IMHO Atari didn't even seriously consider replacing the 6502. The 8-bit
platform was virtually unchanged for ten years. The machines were cash
cows and the Tramiel-aera Atari concentrated in making them cheaper and
cheaper (to compete with Commodore and reach the Eastern Europe market)
- so there was small room to get innovative.
The case with the 2600 is even clearer IMHO: It used the cheaper 6507
and the video game market crash in 1983 did the rest.
I really don't think that Atari even had the telephone number of WDC...
> (Not that I think of the 65C02 as much of an improvement. All the
> changes made in the 65C02 were what is known technically in the
> computer architecture community as "mouse nuts". ;-)
Ha ha - now that's a technical term I can learn quickly!
bye
Marcus
> That was DMA for video RAM acces, right? If so, they just didn't get
> how trivial it is to share RAM with a 6502--it only accesses RAM during
> half the clock signal!
As I understand it, they actually halted the CPU for DMA so as to get
more memory bandwidth than "half the clock signal", and they needed to
know when the CPU had actually stopped so that they could start DMA.
This was also done on the Atari 7800.
I've heard that in the original 400/800 they actually used a regluar
6502, but the extra signal allowed them to save all the external
circuitry that figured this out.
Again, I grew up on the TRS-80, so all of this is stuff that I've
learned about the old Atari hardware in the past five years or so.
So it seems the message is, "If you have good reason to believe that
you are programming for an 'end of the line' platform, then do anything
that works--it won't matter anyway".
Of course, now *all* 8-bit platforms are unchanging, but some of them,
in particular the Apple II, went through several implementations of
the processor.
So, even though I don't feel any need to provide for *future* changes,
I still am motivated to cover all the *past* changes, by coding for the
widest range of systems that makes sense--particularly since there is a
negligible "cost" of doing so.
> The case with the 2600 is even clearer IMHO: It used the cheaper 6507
> and the video game market crash in 1983 did the rest.

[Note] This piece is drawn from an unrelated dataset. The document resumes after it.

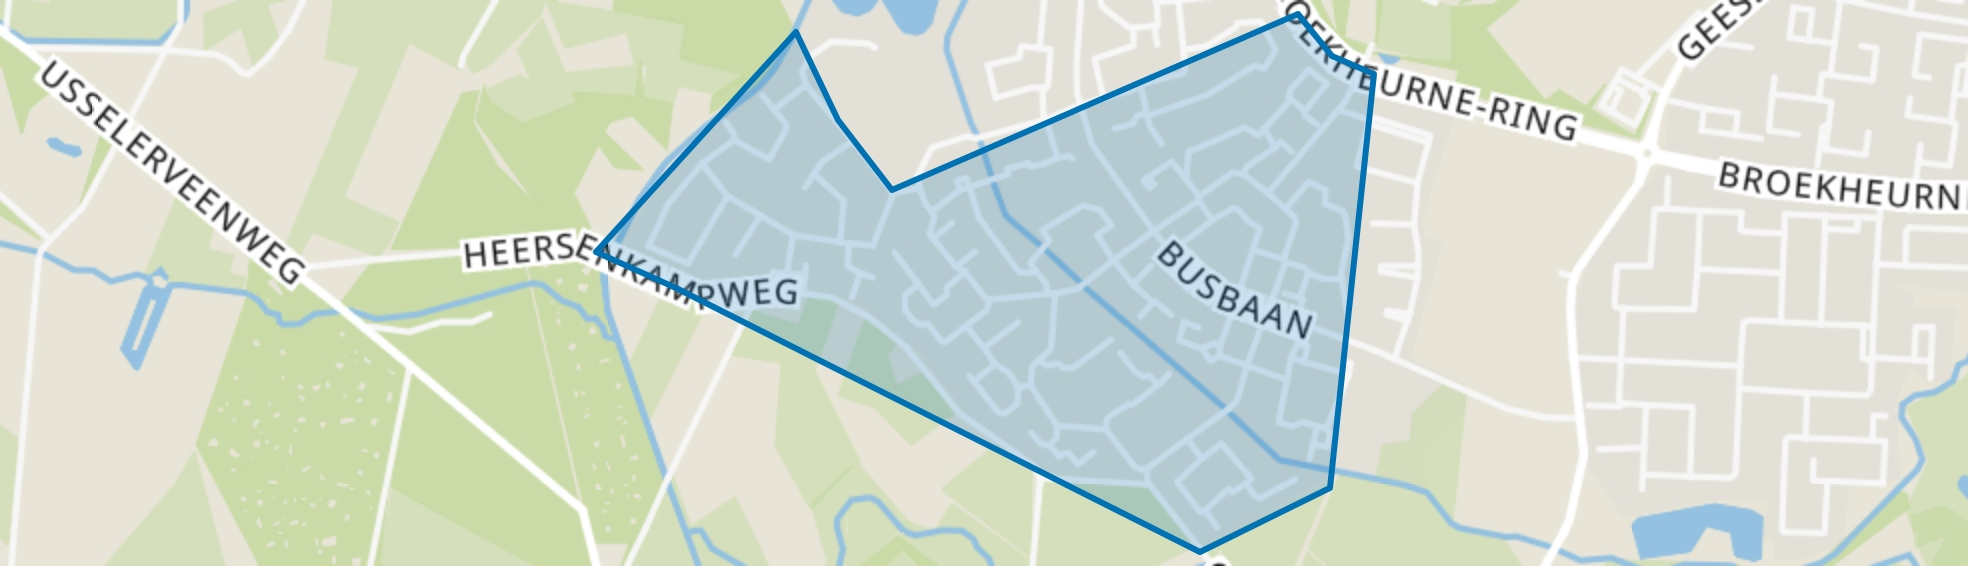 Helmerhoek-Zuid, Enschede map

In the case of a video game machine, I wouldn't expect any compatible
upgrade path, and the entire hardware arrangement was very ideosyncratic
anyway--so there would be no reason not to do "anything that worked".
Wow--they needed more than a megabyte/second of video data? I guess
if you have about the same resolution as an Apple II, but twice the
color depth, then you do... The //c and following Apple II's got
around this by providing another memory bank in parallel with the
main memory bank.
> I've heard that in the original 400/800 they actually used a regluar
> 6502, but the extra signal allowed them to save all the external
> circuitry that figured this out.
Of course, all 6502's had the RDY line that allowed a trivial amount
of glue logic to halt the CPU between instructions. (Of course, you
couldn't get away with this during a Disk ][ I/O on the Apple II, since
it would mess up the instruction timing.)
In my opinion this approach is too fatalistic - after all Commodore and
Atari didn't really offer CPU-upgrades. The C128 is more or less
completely compatible (illegal opcodes supported) and Atari didn't
offer anything faster or based on a more modern chip.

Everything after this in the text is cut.